6.4. M ETHODENKRITIK

Es gibt eine Vielzahl von zum Teil noch unbekannten und schwer zu erfassenden Einflüssen auf die Monozytensubpopulationen und ihrem Phänotyp. Schwer zu kontrollieren sind physiologische Veränderungen (z.B.: Stressreaktionen, Ernährung, Alkoholkonsum etc.) und umweltbedingte Einflussgrößen (zB Strahlung, Temperatur, Ozon etc.), welche die Monozytensubpopulationen und deren Phänotyp beeinflussen. Deshalb erfolgte in dieser Studie eine Adjustierung der Ergebnisse auf die bereits bekannten Einflussgrößen Alter, Geschlecht und kardiovaskuläre Risikofaktoren.

Die klinische Studie wurde von ärztlichem Fachpersonal durchgeführt und kontrolliert, um organisatorische, fachliche und labortechnische Störungen zu minimieren. Jeder einzelne Patient wurde persönlich auf die Ein- und Ausschlusskriterien geprüft. In der Studie wurden nur symptomatische Patienten eingeschlossen, die keine Intervention oder Operation in den letzten 3 Monaten hatten. Eine objektivierende Befunderhebung in der Anamnese und Diagnostik soll ein vergleichendes Ergebnis möglich machen.

Das Rutherfordstadium 0 der asymptomatischen Patienten wurde nicht betrachtet, da der klinische Nutzen als weniger wichtig erachtet wurde. Um einen möglichst geringen Einfluss von Intervention und Operation auf die Ergebnisse zu haben, muss ein möglichst langer Zeitraum zwischen der Intervention und dem Studieneinschluss gewählt werden. Am besten geeignet wären Patienten, die noch nie eine Vorbehandlung erfahren hätten. Klinisch ist das aber nicht umsetzbar, da vor allem in höheren Stadien der pAVK eine einmalige Intervention nicht ausreicht und somit viele Patienten schon vorbehandelt sind. Die primäre Offenheitsrate nach interventioneller Therapie infrapoplitealer Gefäßverschlüsse bei kritischer Extremtitätenischämie beträgt nach 3-5 Jahren 40-60% und bedarf häufig einer Re-Intervention. (Soder, H.K., Manninen, H.I., et al., 2000) Femoro-popliteale Venenbypässe haben eine 5 Jahres Offenheitsrate von ca. 70% bei kritischer Extremitätenischämie mit signifikant sinkender Offenheitsrate bei Kunststoffbypässen. (Pereira, C.E., Albers, M., et al., 2006)

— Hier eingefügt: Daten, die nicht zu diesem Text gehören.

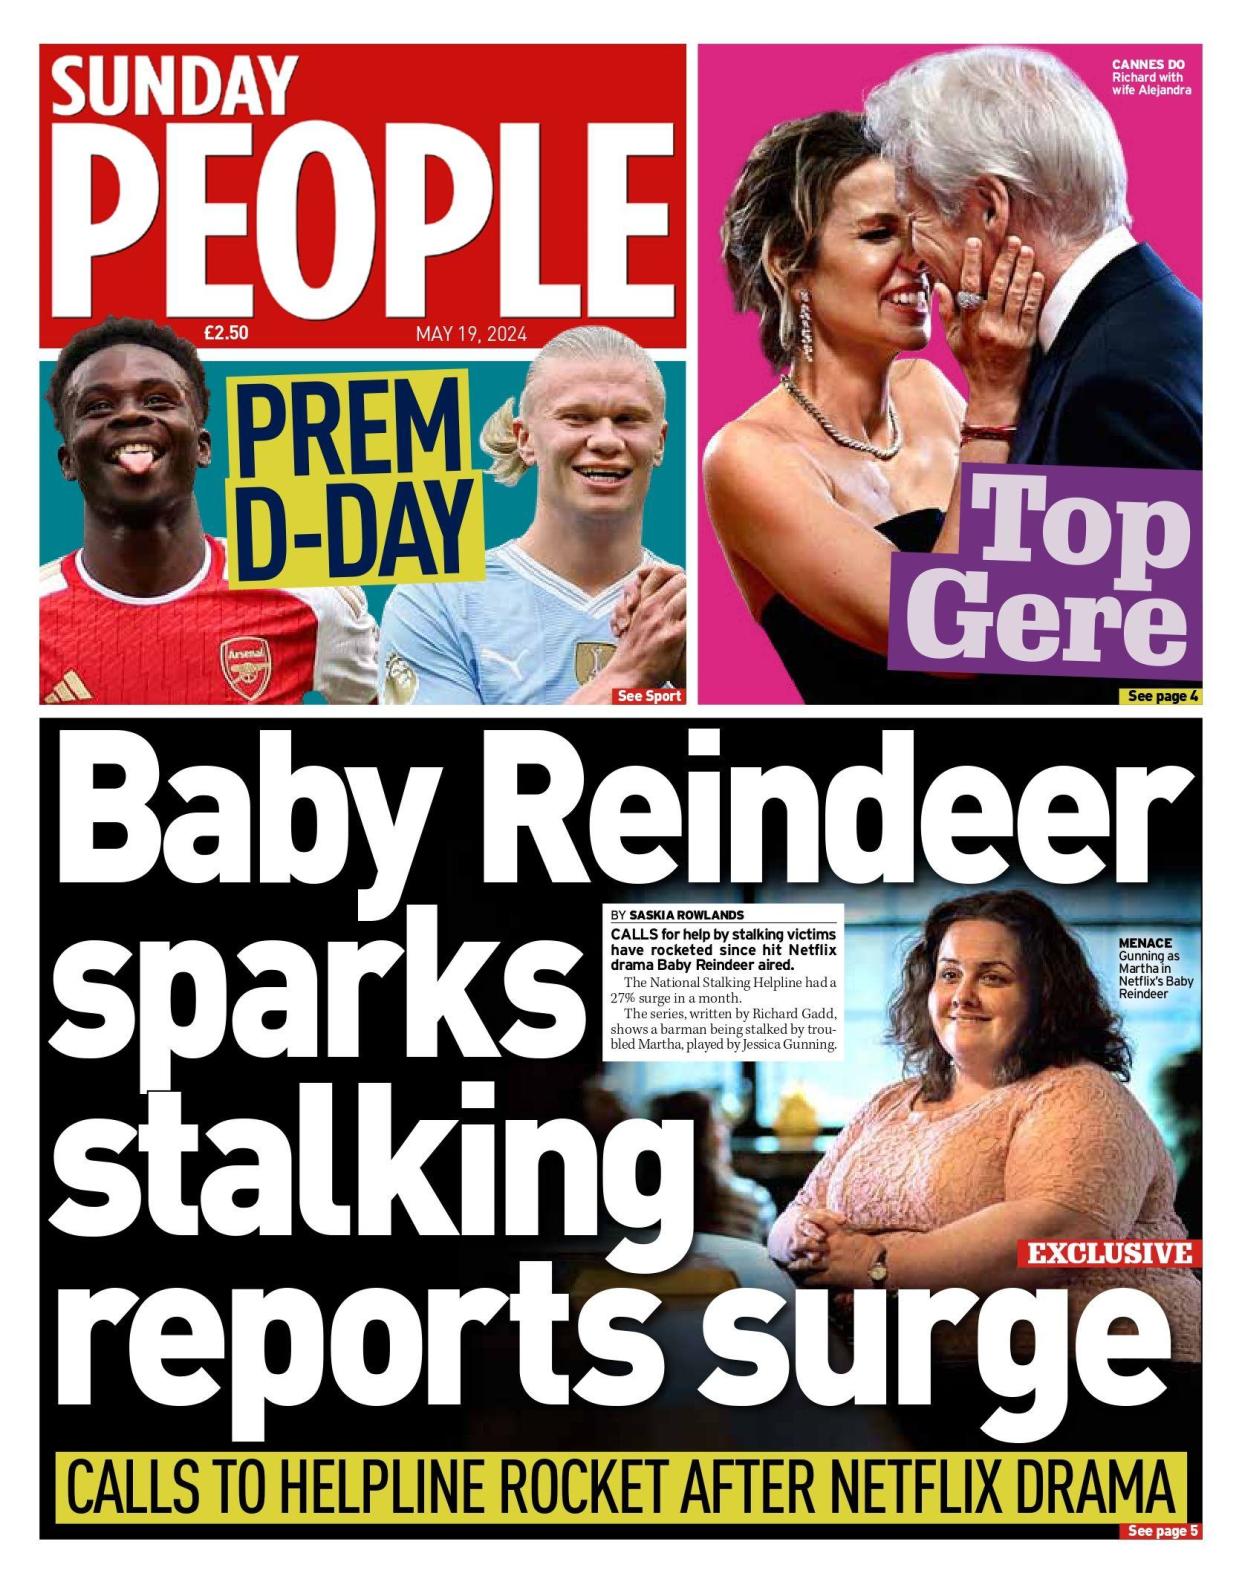 Sunday People: Baby Reindeer sparks stalking reports surge

In einem definierten Zeitraum von zwei Jahren konnten 143 Patienten rekrutiert werden. Ein längerer Beobachtungszeitraum oder eine multizentrische Studie könnte mehr Patienten generieren. Eine Limitierung der Studie ergibt sich aus der Tatsache, dass die Ergebnisse der Patientendaten nur zu einem einzigen Zeitpunkt ausgewertet werden konnten. Im Hinblick auf den klinischen Verlauf der Erkrankung wären eine mögliche Änderung der Monozytensubpopulationen interessant gewesen. Interessant wäre es auch zu zeigen, ob eine phänotypische Veränderung der Monozytensubpopulationen und deren Zusammensetzung eine klinische Verschlechterung oder Verbesserung, gemessen an den Rutherfordstadien, widerspiegeln könnte. Bei 143 Studienpatienten wurden 68 interventionell und 44 chirurgisch behandelt. Die konservative Gruppe bildet mit 31 Patienten eine zu kleine Gruppe für die valide Auswertung von Verlaufsparametern.

Die Durchflusszytometrie gilt als etabliertes Standardverfahren zur Quantifizierung und Unterscheidung von verschiedenen Blutzellen. (Basu, S., Campbell, H.M., et al., 2010) Durch fluoreszierend markierte Antikörper können sowohl Oberflächenmarker, als auch intrazelluläre Proteine nach Permeabilisation der Zellmembran detektiert werden.

Eine sterile Blutabnahme mit kurzer venöser Stauungszeit und eine zeitnahe Verarbeitung der Blutproben sollen laborchemische Veränderungen möglichst ausschließen. Verunreinigungen der Blutproben können zu einem verfälschten Ergebnis führen.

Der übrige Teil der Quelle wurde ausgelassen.